Beneath this task are the entries; from the line with "SystemsThinkingTO" through the last one, transcribe every line exactly and nothing else, skipping pictures.

### Data provided:
───

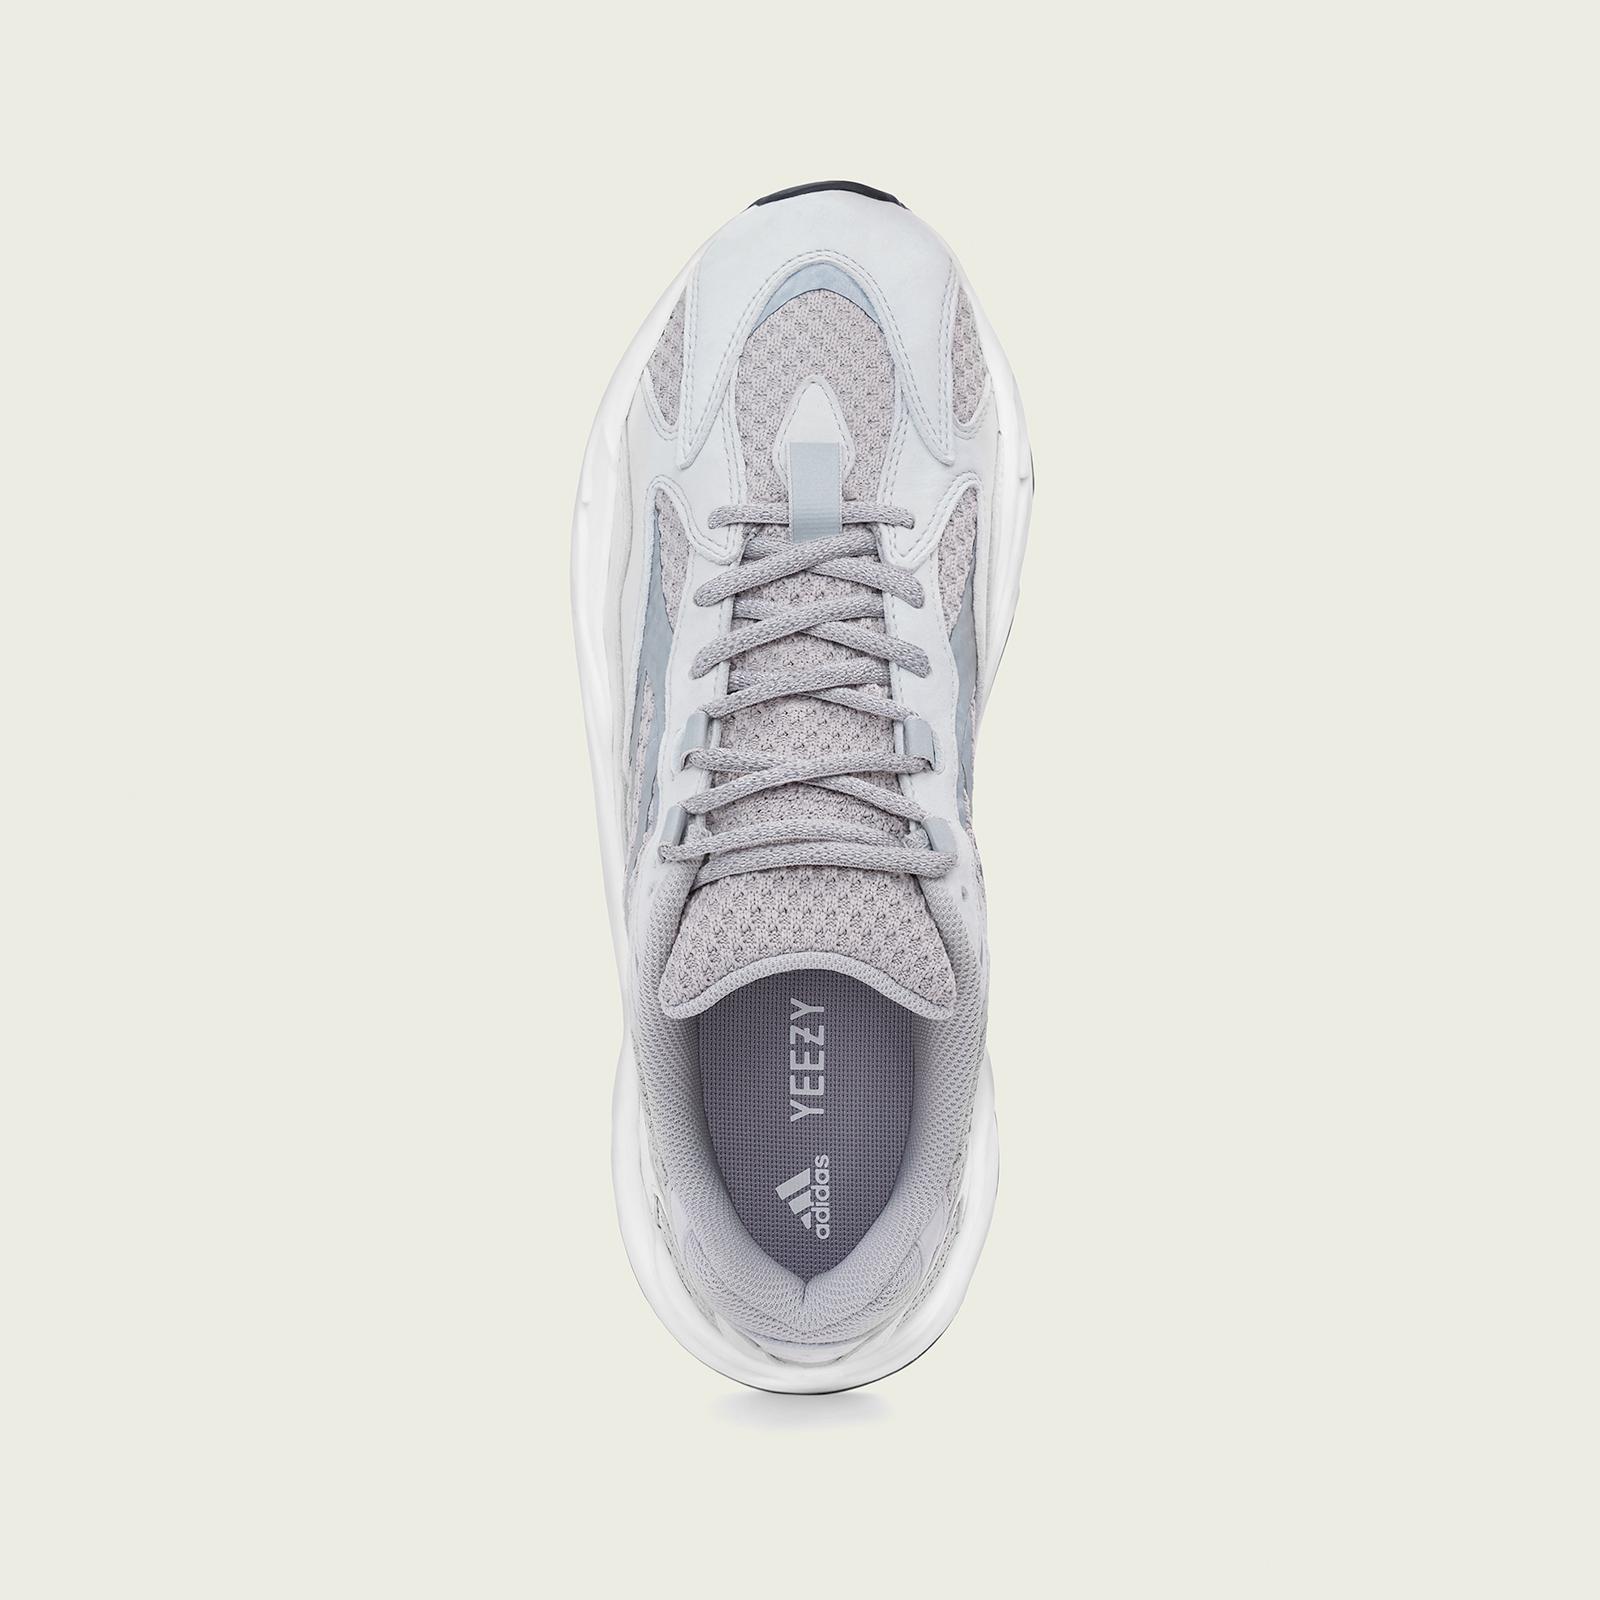 best website 34e85 09d07 adidas Originals x Kanye West Yeezy Boost 700 V2 ... Your Adidas Yeezy  Boost 700
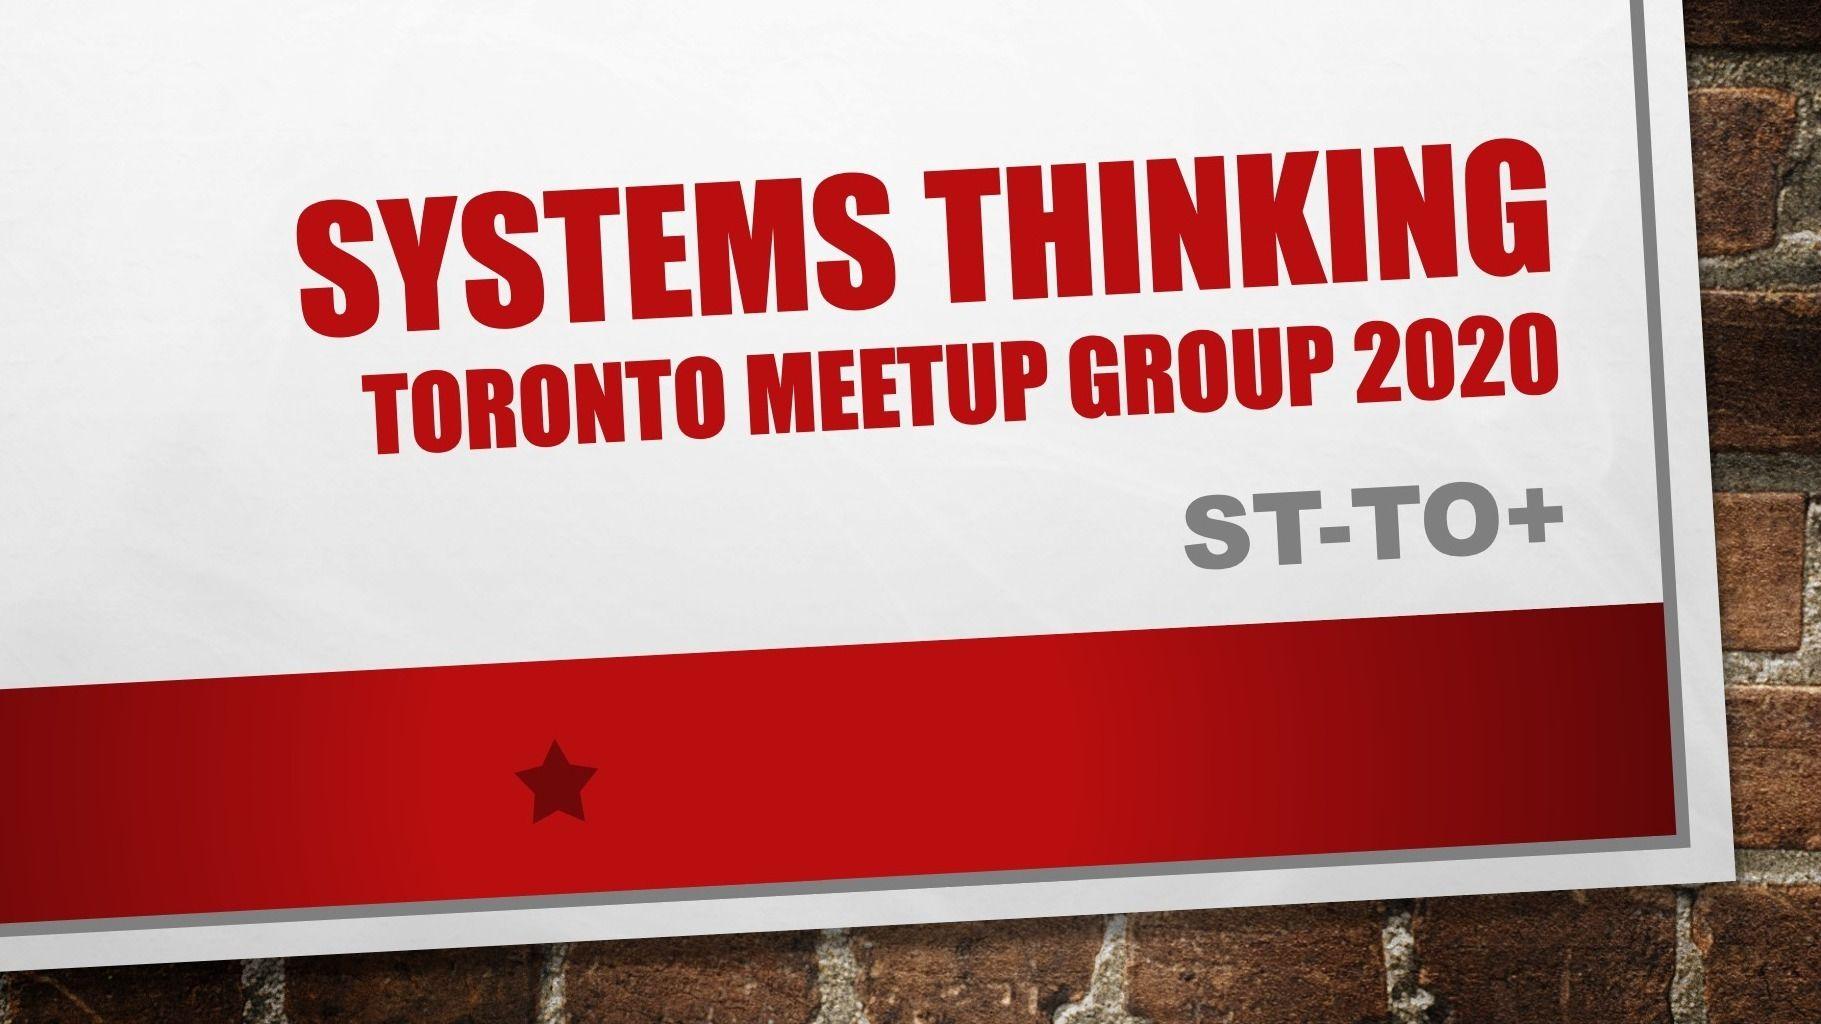 SystemsThinkingTO
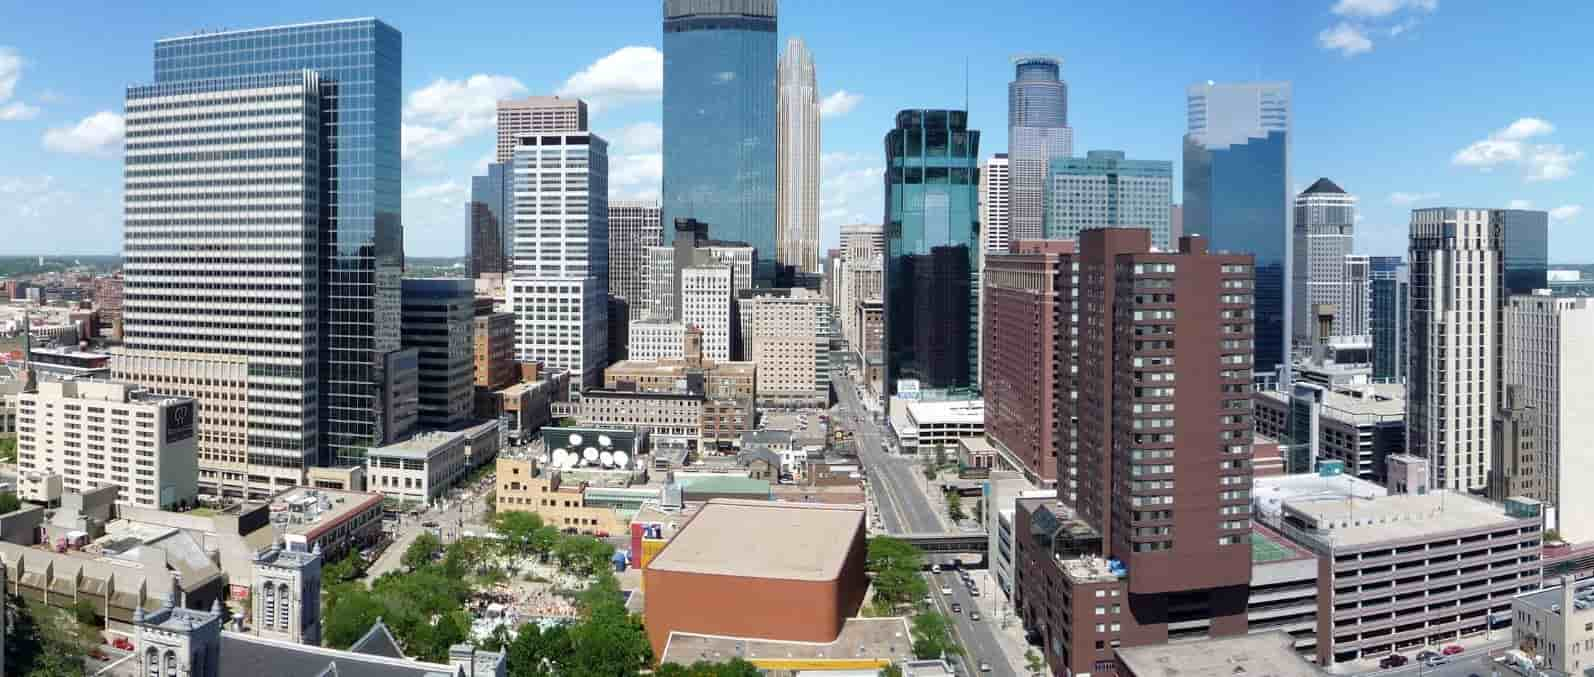 The Best Millennial Neighborhoods in Minneapolis-Saint Paul in 2019
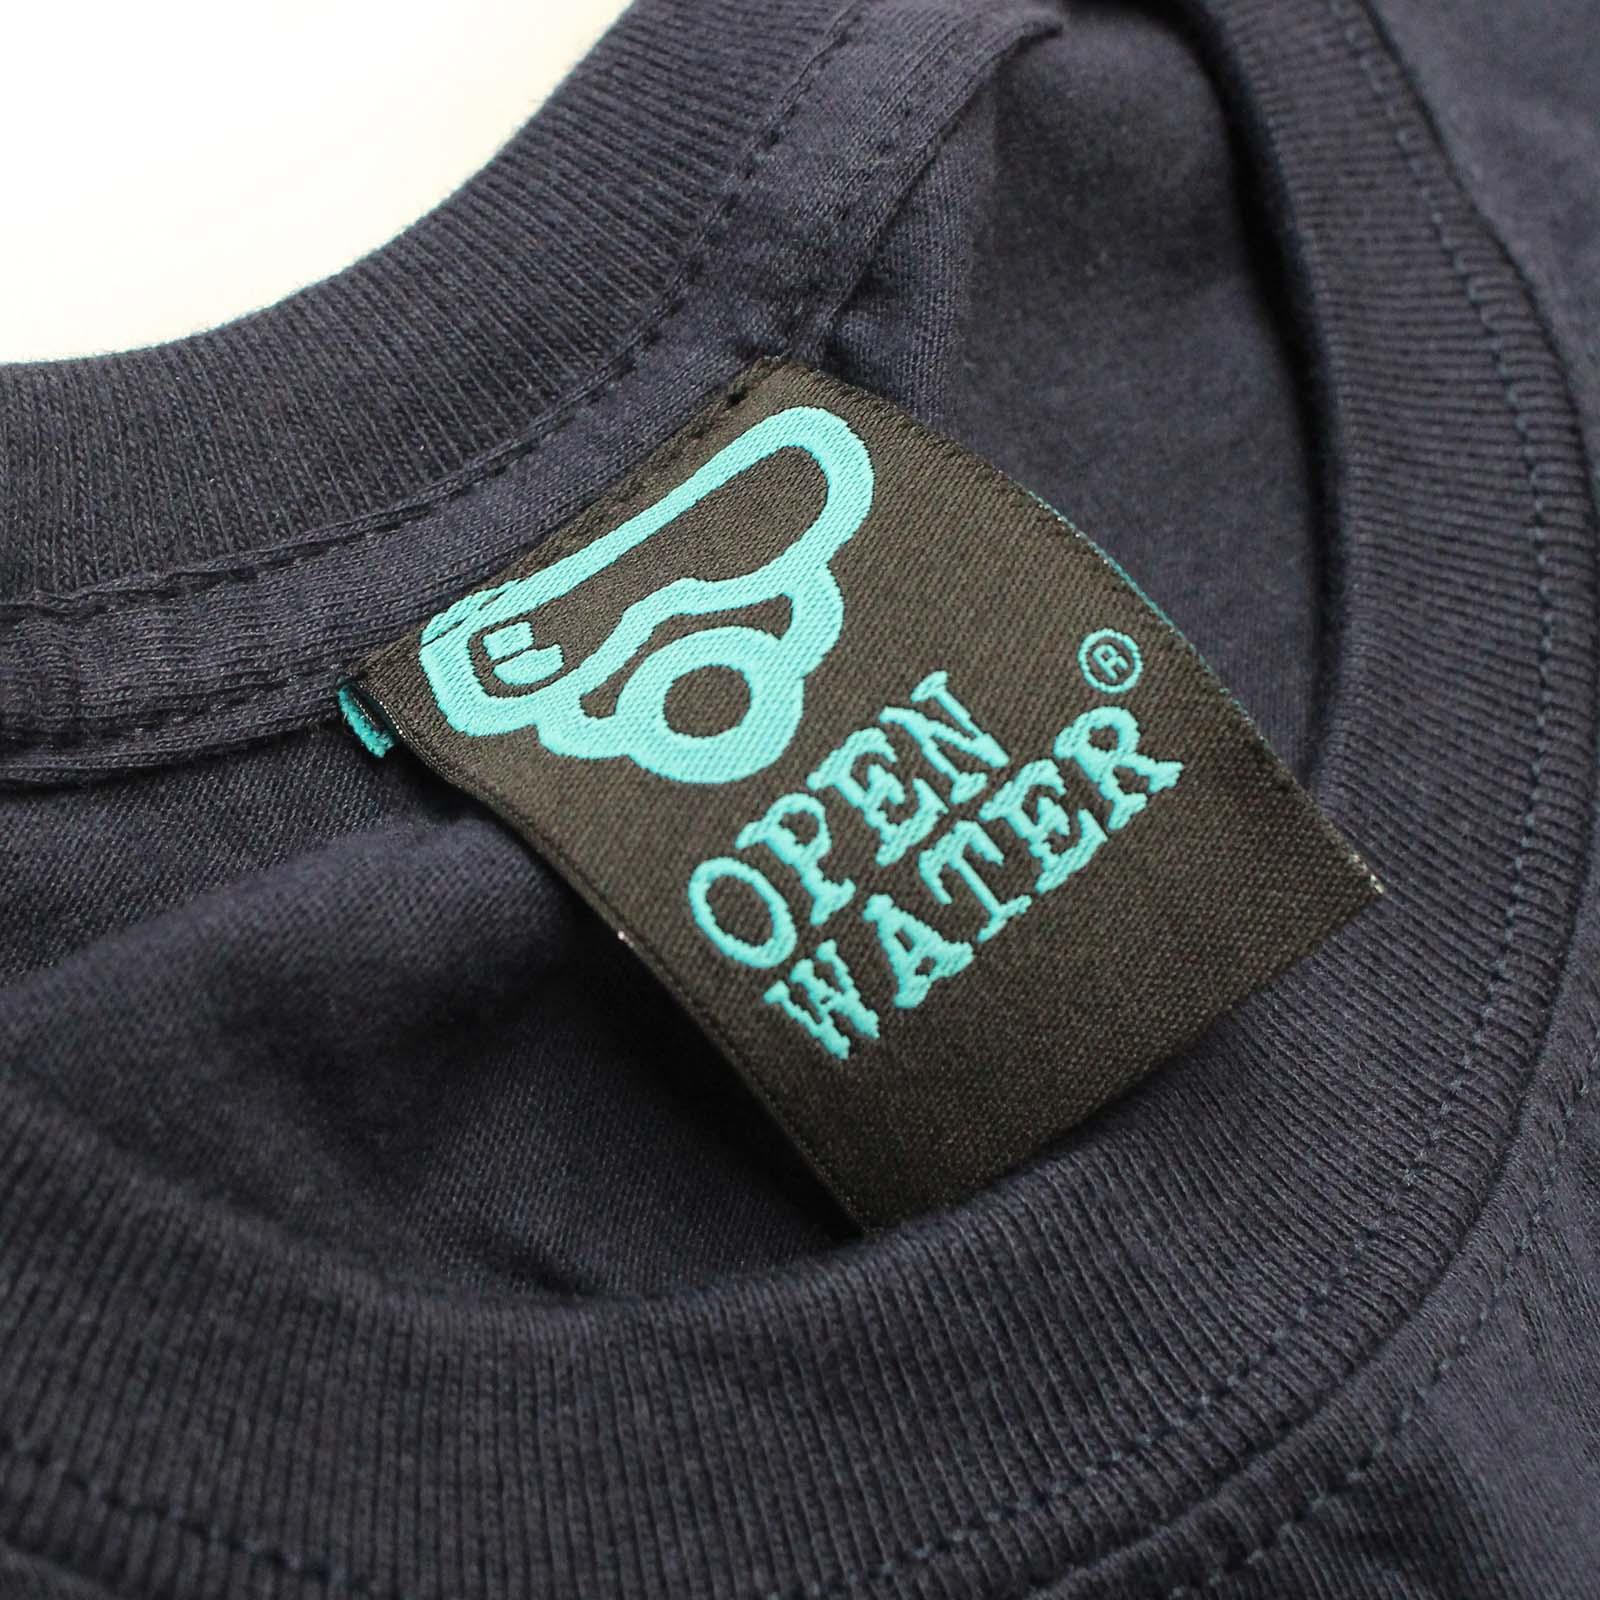 Pulse Scuba Diving T-Shirt Funny Novelty Mens tee TShirt
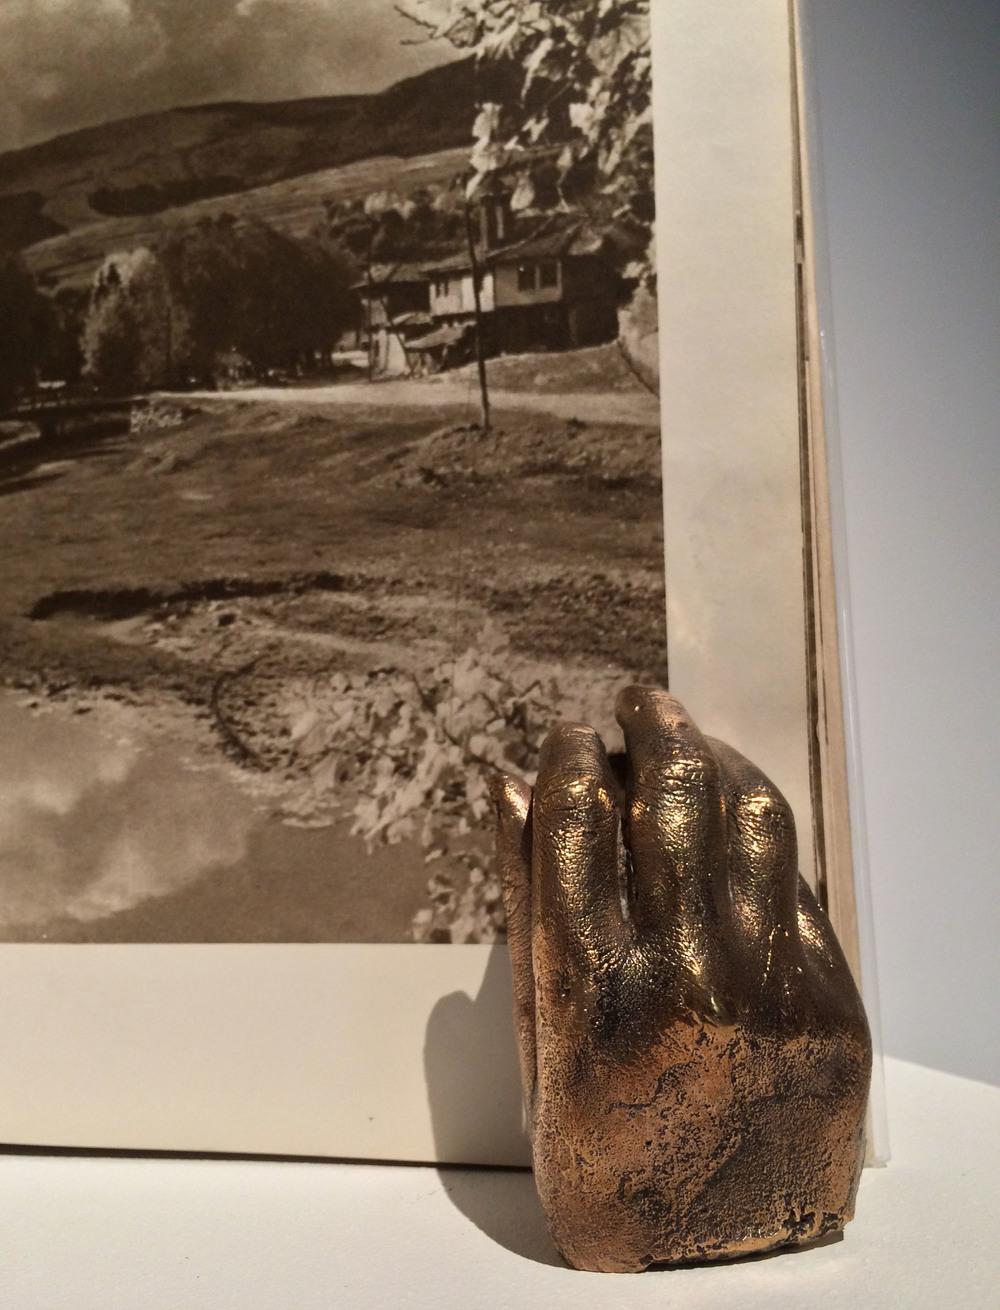 de mineralis mains ulysse bronze .jpg

───

### Task output:
 SystemsThinkingTO
 The Best Millennial Neighborhoods in Minneapolis-Saint Paul in 2019
 Pulse Scuba Diving T-Shirt Funny Novelty Mens tee TShirt
 de mineralis mains ulysse bronze .jpg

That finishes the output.